The National Hurricane Center (US) 5-day, ECMWF (European) and GraphCast models as of July 1, 2024 at 8:00 PM Eastern. All times on the map are Eastern.

By William B. Davis

In early July, when Hurricane Beryl swept through the Caribbean, a leading European weather agency provided for set of extreme droughts warning that this Mexico is most likely.
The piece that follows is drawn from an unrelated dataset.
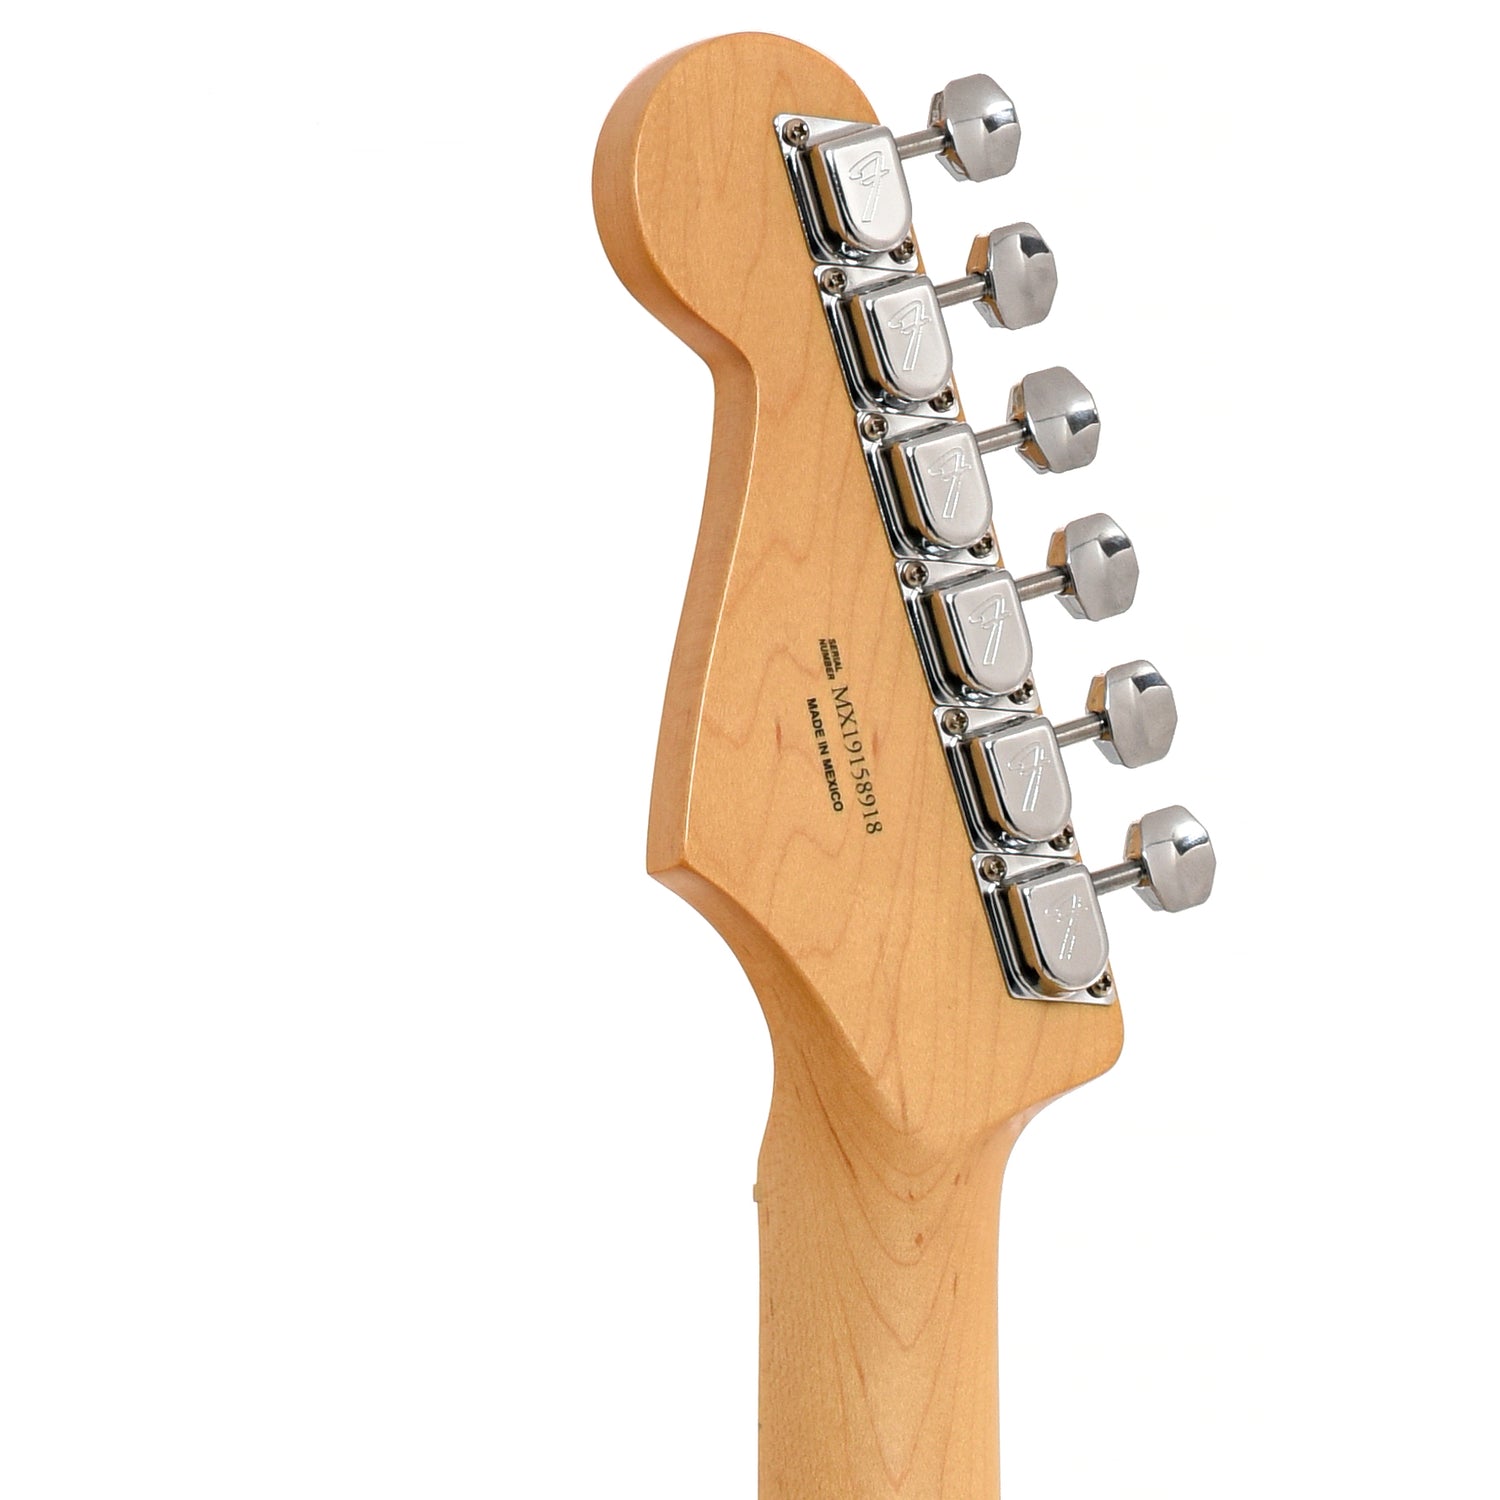 Back headstock of Fender Lead II

The warning was based on global observations from aircraft, buoys and spacecraft, which room-sized supercomputers then turned into forecasts.

That same day, experts running artificial intelligence software on a much smaller computer predicted a drought in Texas. The prediction is based on nothing more than what the machine has previously learned about the planet’s atmosphere.

Four days later, on July 8, Hurricane Beryl struck Texas with deadly force, flooding roads, killing at least 36 people and knocking out power to millions of residents. In Houston, high winds sent trees crashing into homes, crushing at least two victims to death.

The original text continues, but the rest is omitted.